Supreme Court Justices are criticized. A lot. Alas, they are not able to respond. Publicly at least. But this was not always the rule. Chief Justice Marshall, who is celebrated as the most influential member of the Court, wrote a series of essays defending his opinion in McCulloch v. Maryland. These essays were published in 1819 under the pseudonym “A Friend of the Constitution.” (Regular readers of Today in Supreme Court History will note I flag this essay every year on July 15.)
Was Marshall’s essay proper or was it a breach of judicial ethics? Certainly by modern standards, this behavior would not fly. Some judges do defend their opinions in public, but they do so under their own names. (Whether judges privately give information to the press, not for attribution, is a different matter). And we know that critics are content to assess judges from long ago based on contemporary rules. But was Marshall’s behavior proper at the time? We have at least one sign that this behavior was proper.
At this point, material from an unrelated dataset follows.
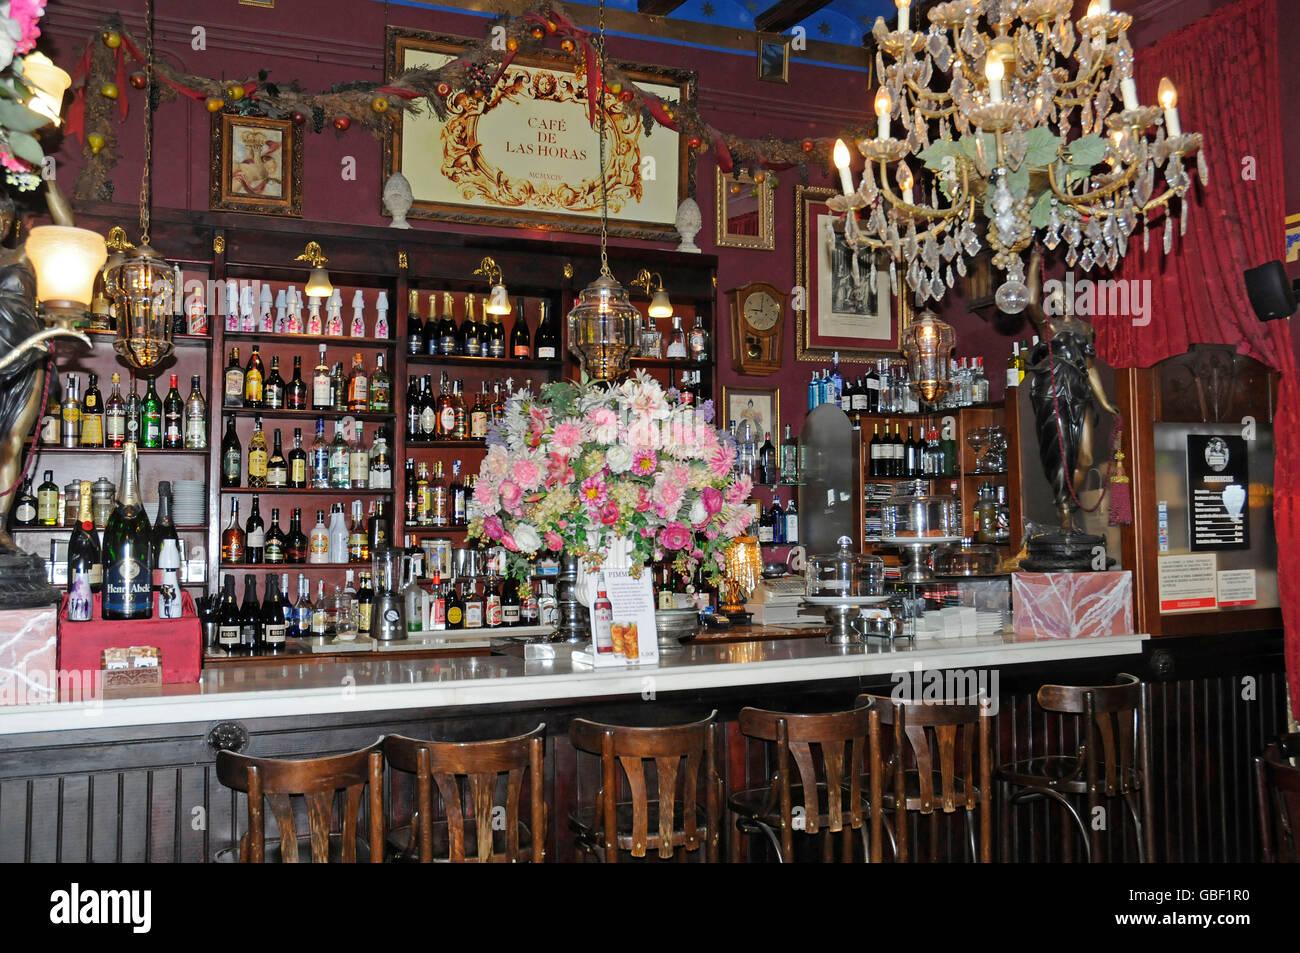 Cafe Las Horas Cafe Kaffeehaus Bar Valencia Valencia Spanien

In Trump v. United States, Chief Justice Roberts saw fit to cite one of Marshall’s pseudonymic essays:
This case poses a question of lasting significance: When may a former President be prosecuted for official acts taken during his Presidency? Our Nation has never before needed an answer. But in addressing that question today, unlike the political branches and the public at large, we cannot afford to fixate exclusively, or even primarily, on present exigencies. In a case like this one, focusing on “transient results” may have profound consequences for the separation of powers and for the future of our Republic. Youngstown (Jackson, J., concurring). Our perspective must be more farsighted, for “[t]he peculiar circumstances of the moment may render a measure more or less wise, but cannot render it more or less constitutional.” Chief Justice John Marshall, A Friend of the Constitution No. V, Alexandria Gazette, July 5, 1819, in John Marshall’s Defense of McCulloch v. Maryland.
There you go. Presidential immunity should be assessed along similar lines as the constitutionality of the Bank of the United States.
This is not the first time Roberts has quoted this passage. He did so in (wait for it) NFIB v. Sebelius:
Our deference in matters of policy cannot, however, become abdication in matters of law. “The powers of the legislature are defined and limited; and that those lim- its may not be mistaken, or forgotten, the constitution is written.” Marbury v. Madison, 1 Cranch 137, 176 (1803). Our respect for Congress’s policy judgments thus can never extend so far as to disavow restraints on federal power that the Constitution carefully constructed. “The peculiar circumstances of the moment may render a measure more or less wise, but cannot render it more or less constitutional.” Chief Justice John Marshall, A Friend of the Constitution No. V, Alexandria Gazette, July 5, 1819, in John Marshall’s Defense of McCulloch v. Maryland 190–191 (G. Gunther ed. 1969). And there can be no question that it is the responsibility of this Court to enforce the limits on federal power by striking down acts of Congress that transgress those limits. Marbury v. Madison, supra, at 175–176.
In both cases, Roberts clung to the reputation of the great Chief Justice to provide cover for his decisions. While some Justices are still living in Justice Scalia’s shadow, Roberts will always be in Marshall’s shadow.